Ms. Cobb was married in 1949 to Mike Wallace, who would go on to become a famous correspondent on "60 Minutes." In the early '50s, they were hired by CBS to host a live, daily talk show (originally called "Two Sleepy People"), based in New York, in which they would debate some topic of the day. From 1951 to 1952 they were also hosts of "All Around the Town," another CBS show. The talk show ceased in 1953 and the two divorced in 1957. Ms. Cobb was married four times in total, three unions ending in divorce. Her fourth husband, H. Spencer Martin, died in 1987. In 1963, she turned to producing, presenting Shaw's Too True to Be Good on Broadway. The starry cast included Lillian Gish, Cedric Hardwicke, Eileen Heckart, Glynis Johns, Robert Preston and David Wayne. Ms. Cobb was nominated for the now-vanished Best Producer of a Play Tony Award. She followed this up with the less-successful Never Live Over a Pretzel Factory and, in 1973, Children of the Wind, which took place in a theatrical boarding house and featured in its cast Marvo the Wonder Dog — playing the role of Marvo the Wonder Dog.
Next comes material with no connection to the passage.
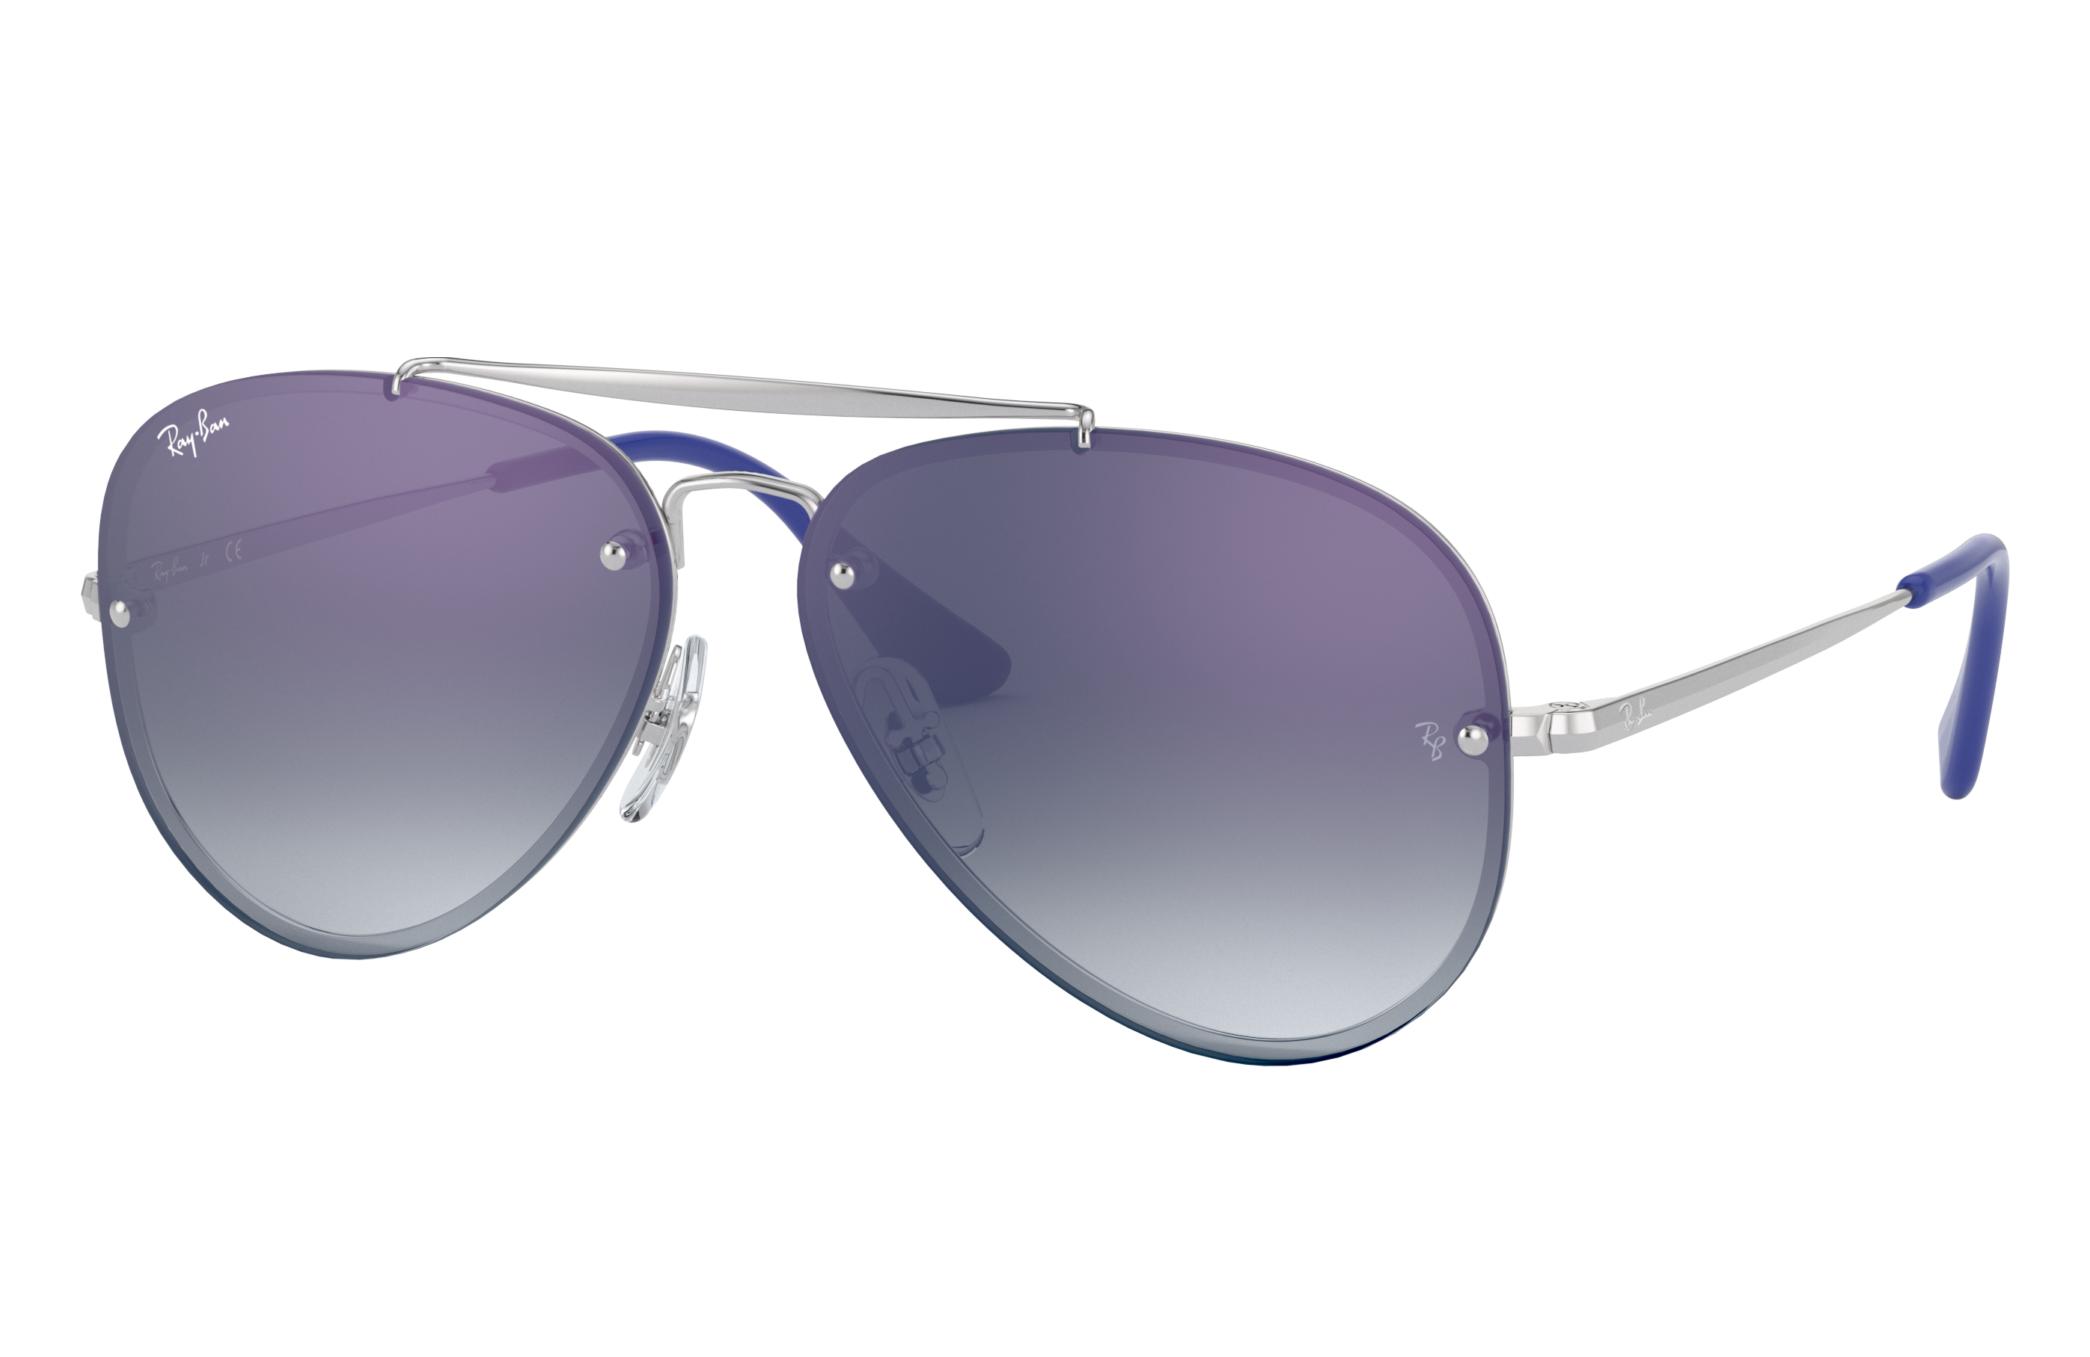 Ray-Ban Blaze Aviator Junior Silver, Blue Lenses - RJ9548SN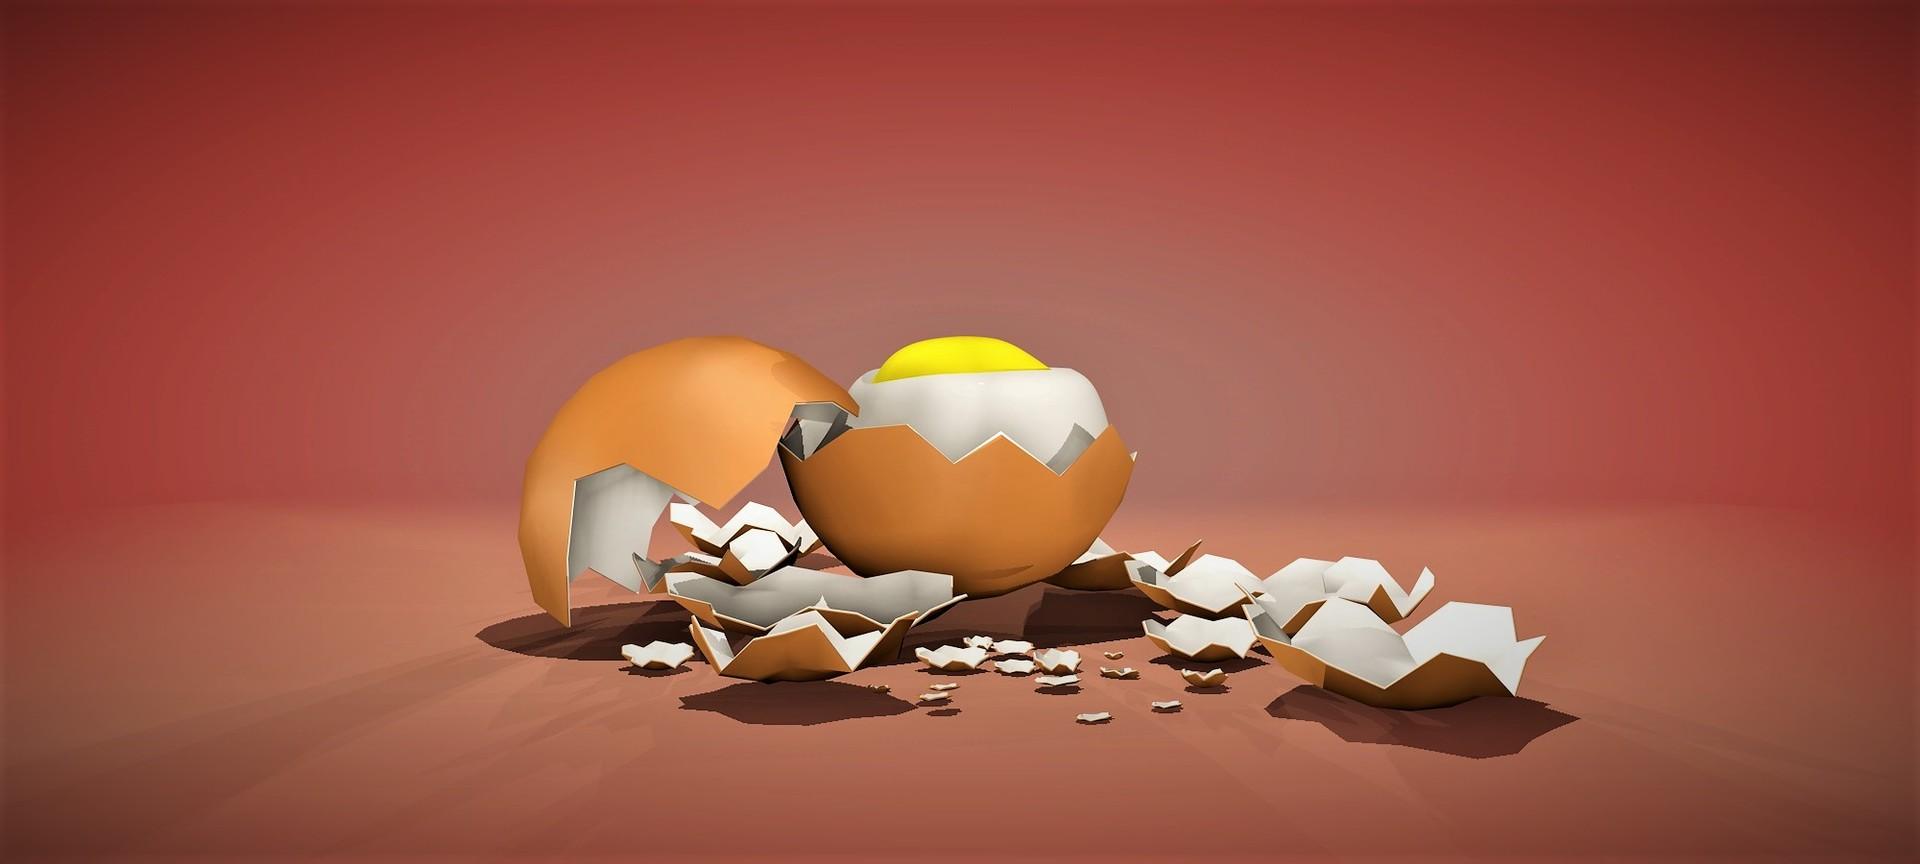 Viviana alvarado huevos

She was born Patricia Cobb Chapman on Oct. 19, 1928, in Florence, Italy, into a family of artists and writers. He grandfather was a author and columnist Irvin S. Cobb, for worked for the movies and the New York World and wrote many books. Her father was a singer and her mother an author, who wrote about her father Irving in the book "My Wayward Father."
Following high school, she began acting in stock companies, eventually touring with Tallulah Bankhead in Private Lives from 1946 to 1948. It was during this tour that she met Mike Wallace.